As a second and third pair of eyes appeared in the trees, I realized the stories weren’t of the fictional variety.
Someone screamed as the shadow cloaked creatures stepped out of the tree line. They were nearly upon me when I realized the screams were my own. Water splashed in the creek. A serpentine shape darted from the water. They met me as one.
It was only a story, only a—
(A note: some will say I cheated by ending the previous story abruptly. I agree.)
Face in the Fire
A bustling accusatory wind rattled the window in its frame. The view outside showed a torrent of snow and ice covering a grave weeks old. The wind had penetrated the manor, which had caused an unrelenting chill to overtake its confines. That same chill had settled deep within Phineas’ insides.
Cornelius had built a roaring fire in the hearth before retiring to his chambers for the evening. The flames crackled and hissed, as if a song sung by a demon.
Could that possibly have been the wind or was it a figment of a mind that had lost the sharpness of youth?
Phineas pulled the blanket tighter around his shoulders and leaned closer to the fire. He watched the red and orange flames dance as the fire fed upon the wood. A face appeared in the flickering inferno, as if by miracle or sorcery.
“No,” the single word escaped Phineas’ lips.
Murderer. The wind accused again.
The face in the fire stared back at him, eyes filled with accusations.
“Murderer,” the face hissed.
“No,” Phineas said to the face of his beloved.
The fire cracked in response, causing the elderly man to flinch. Phineas jumped out of the straight back chair. Cornelius. He needed Cornelius.
The figure in the doorway brought him to a stop. Madeline stood there, reeking of death. It was the same name carved into the headstone in the manor’s cemetery.
The fire cracked again as his beloved crept closer to return the favor.
Favor had not been shown to our family in the eyes of the Little One. He stood on top of a rusty metallic chariot once used by the old ones. He surveyed the surrounding crowd with a pompous expression. We were on our knees in front of the chariot.
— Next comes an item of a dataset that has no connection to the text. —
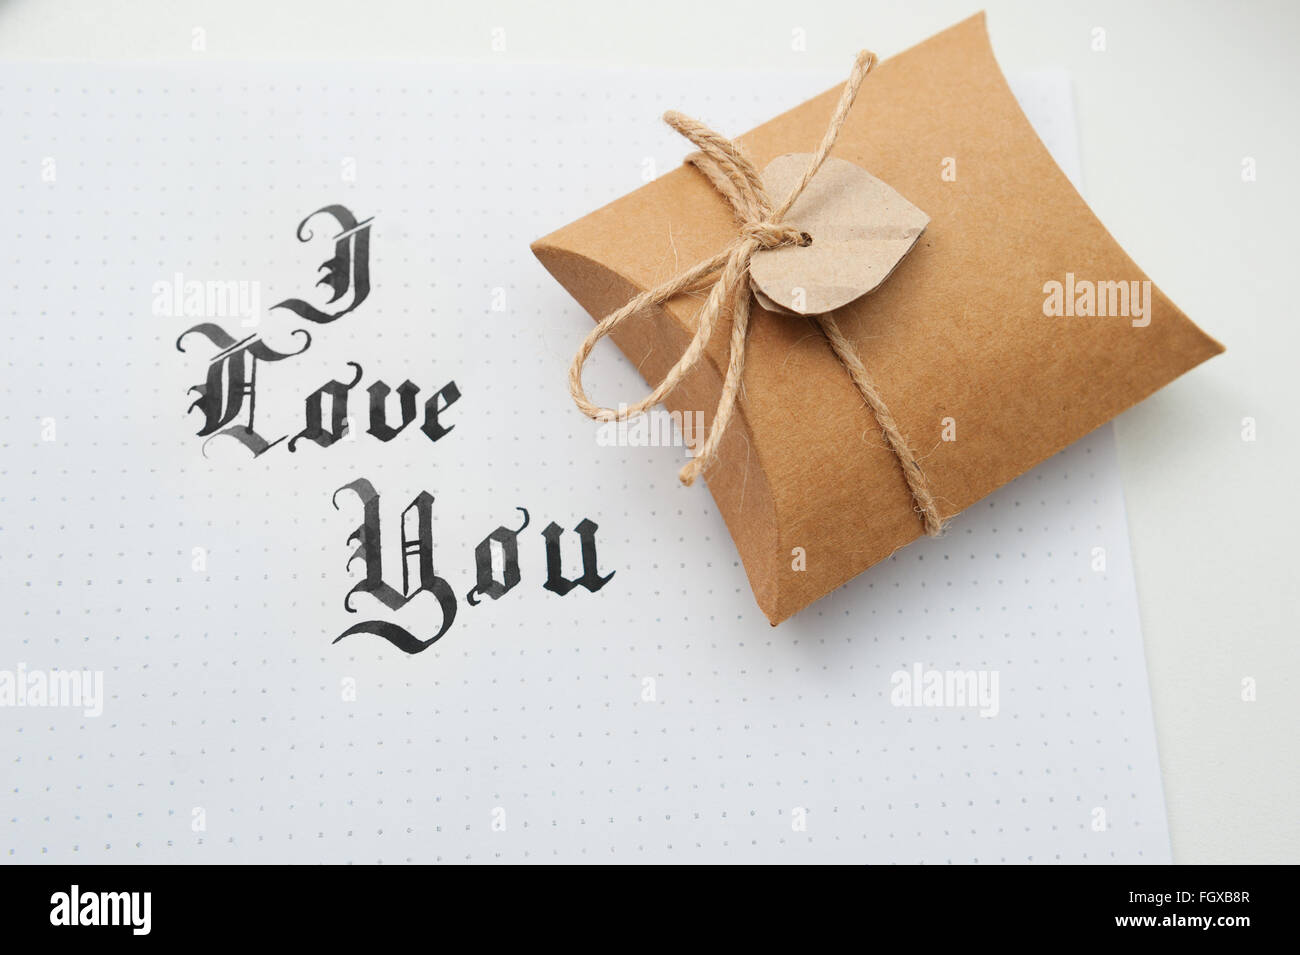 Text god bless you on paper texture and gift box with heart Stock Photo

I watched as everyone looked away when the Little One’s eyes fell upon them. Fear firmly gripped them, shattering what spirit these people—my people—once had. Gone was the hope I had witnessed so shortly ago.
It was my fault.
The Little One’s gaze became that of stone as he came to my family. My Da, Ma, Suz, and Nik looked away, as was the custom. When his eyes fell upon me, I didn’t look away. Instead I smiled.
Fire burned in the Little One’s eyes at my audacity. He bared his teeth, as a predator eyes its prey. His feet lifted off the surface of the metallic chariot.
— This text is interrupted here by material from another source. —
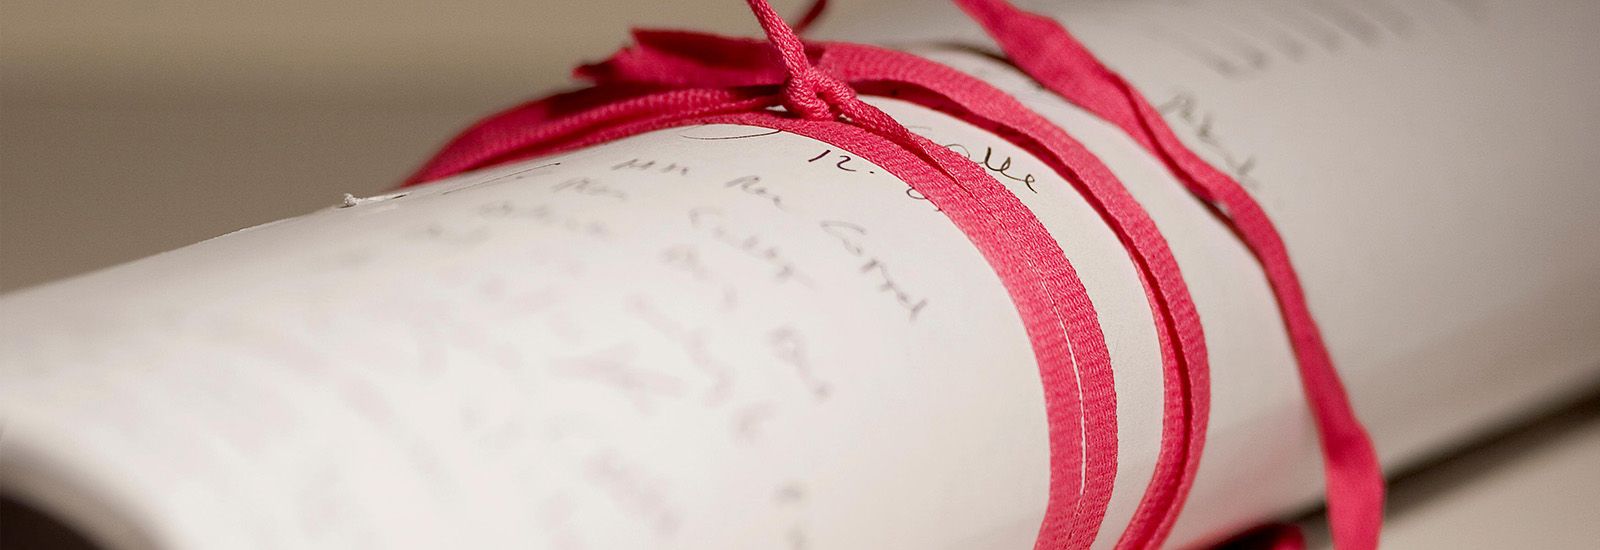 Close up of a handwritten document rolled and tied with a red ribbon

Lightning sparked in the sky above. The Little One looked up in surprise, for he didn’t know the magnitude of my power.
The lightning struck the Little One out of the sky. His chard body fell to the chariot with a thud.
I was not prey.
Those From the Sky
Prey—or humans as they were once known—scattered at the sight of Those From the Sky.
A metal orb hovered three feet above the ground.
It spun in a continuous circle, as if surveying its surroundings with imaginary eyes.
Zara watched as her kinfolk pushed each other aside in their effort to flee the seemingly innocent object.
Unlike her kinfolk, she was finished running.
She held a long wooden stick that she had been using to play a rudimentary game with the other kids.
They had thought it was only a game. It wasn’t.
Zara dug her heels into the pavement and squeezed the stick tight.
The orb picked her out of the fleeing prey; the only prey that wasn’t so.
She was prepared when it flew at her. With a mighty swing, she connected with the orb containing an alien within. The orb flew through the sky and out of sight.
Zara was still watching when a mass of orbs appeared in the sky flying in her direction.
Heels dug in and the stick gripped firmly, she awaited their arrival.
I hope you enjoyed these short stories. Remember to follow your dreams, even if they terrify you.